I'm in your same position, although a bit further along in a novel. One of my teachers told me, "Writing a novel is an ordeal." Not exactly encouraging - and he was published! It's hard for everyone, but there's tons of great advice out there.

Some of my random ideas, in no particular order -

Conflict drives good fiction. You can introduce a character who is a good-hearted, fortunate, ruggedly handsome man with lots of money who does volunteer work for Save the Children and spends alternate Saturdays relaxing in coffee shops and producing award-winning nature poetry on his laptop. You could start like that, but it's boring - so you'll have to introduce trouble immediately. Let's say he is and does all of those things, but he's also got a coke habit he can't kick, a psycho ex who's stalking him, an unpaid debt to a local kingpin, or the runs from last night's meal at Beppo's Basement Italian Buffet, or whatever.

Your characters don't have to be nice. There are charming villains in real life and in fiction, and they work particularly well in fiction. We'll follow a character who wants something badly enough to take big risks to get it, whether or not we find him or her likeable.

There are no good guys and bad guys.
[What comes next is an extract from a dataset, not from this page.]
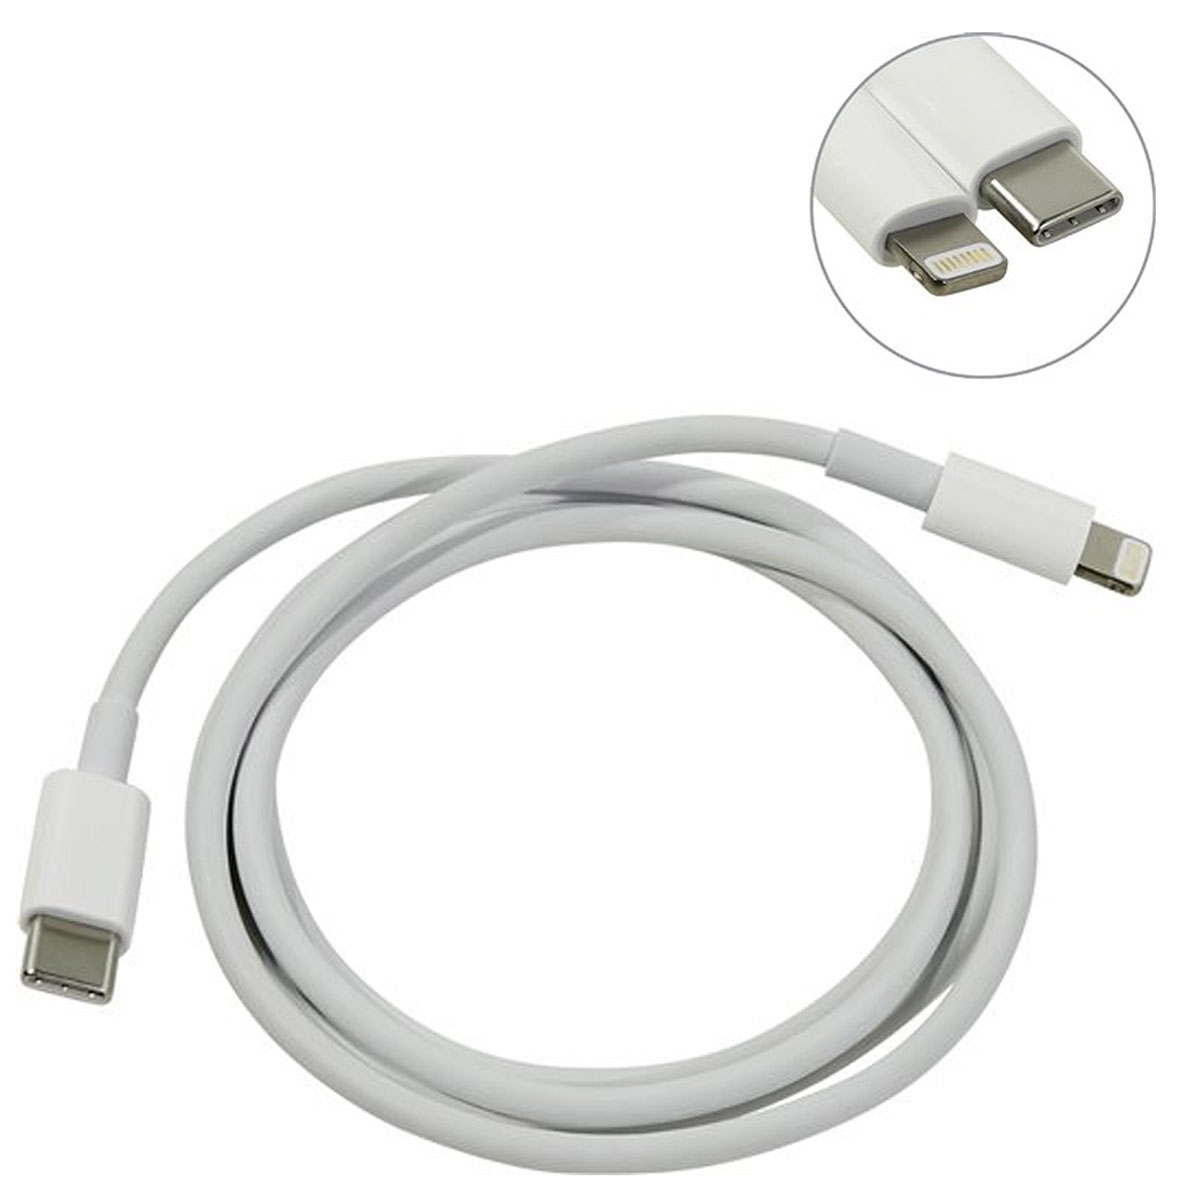 Кабель Type-C aka USB-C Foxconn A1703 на APPLE Lightning 8-pin, длина 1 метр, оригинал, цвет белый

Everyone is a mixture of both, at least in mainstream and sophisticated genre fiction for adults. If you have a character who seems too good, give him a flaw. (You'll need that flaw too, because it'll drive your plot.) If you have a character who comes off as evil, give him some back story or some quirk that will make him human to your readers. Your characters will have reasons for what they do, even the worst ones.

Make sure your main character isn't passive. This person has to want something, and will need the courage to go for it - otherwise why write a book? Readers care about passionate characters, even if they're wrong-headed, under some delusion, or lacking in maturity or self-knowledge. The process of acquiring some of these things can drive the arc of your story.

There should always be something going wrong. If your main character is unemployed and lands a job, great! Until he finds out he's got a micro-managing, sadistic freak for a boss. Don't let anybody coast for too long before throwing something new at them.

Your complications should not be random things that go wrong, but events that actually change the position of the character. If you have a character who's an alcoholic, and he opens the fridge and there's no more beer, that's a complication. Another complication happens when he goes to the convenience store and tries to buy some beer, but realizes he has no money. At that point he takes the beer anyway, and is now being pursued by the cops. But he's still an alcoholic - there has been no fundamental change. On the other hand, let's say your alcoholic character gets in a wreck while driving drunk. His two-year old daughter who was in the car was injured, and his wife doesn't trust him anymore. She takes the kid and leaves without a forwarding address. Your character ditches the alcohol and now has a new purpose in life - to find and recover his family. Suddenly we have real momentum in the story, because we changed the character's position.

There are so many fun and super-readable books on this subject. My three faves right now:

Making Shapely Fiction by Jerome Stern

Rules of Thumb: 71 Authors Reveal Their Fiction Writing Fixations

Writing and Selling your Novel by Jack M. Bickham

Have fun, and good luck!
posted by cartoonella at 9:51 AM on February 8, 2013


There is some excellent advice from Jim Butcher here. Scroll all the way to the bottom for the first entry and work your way up to go sequentially through the concepts.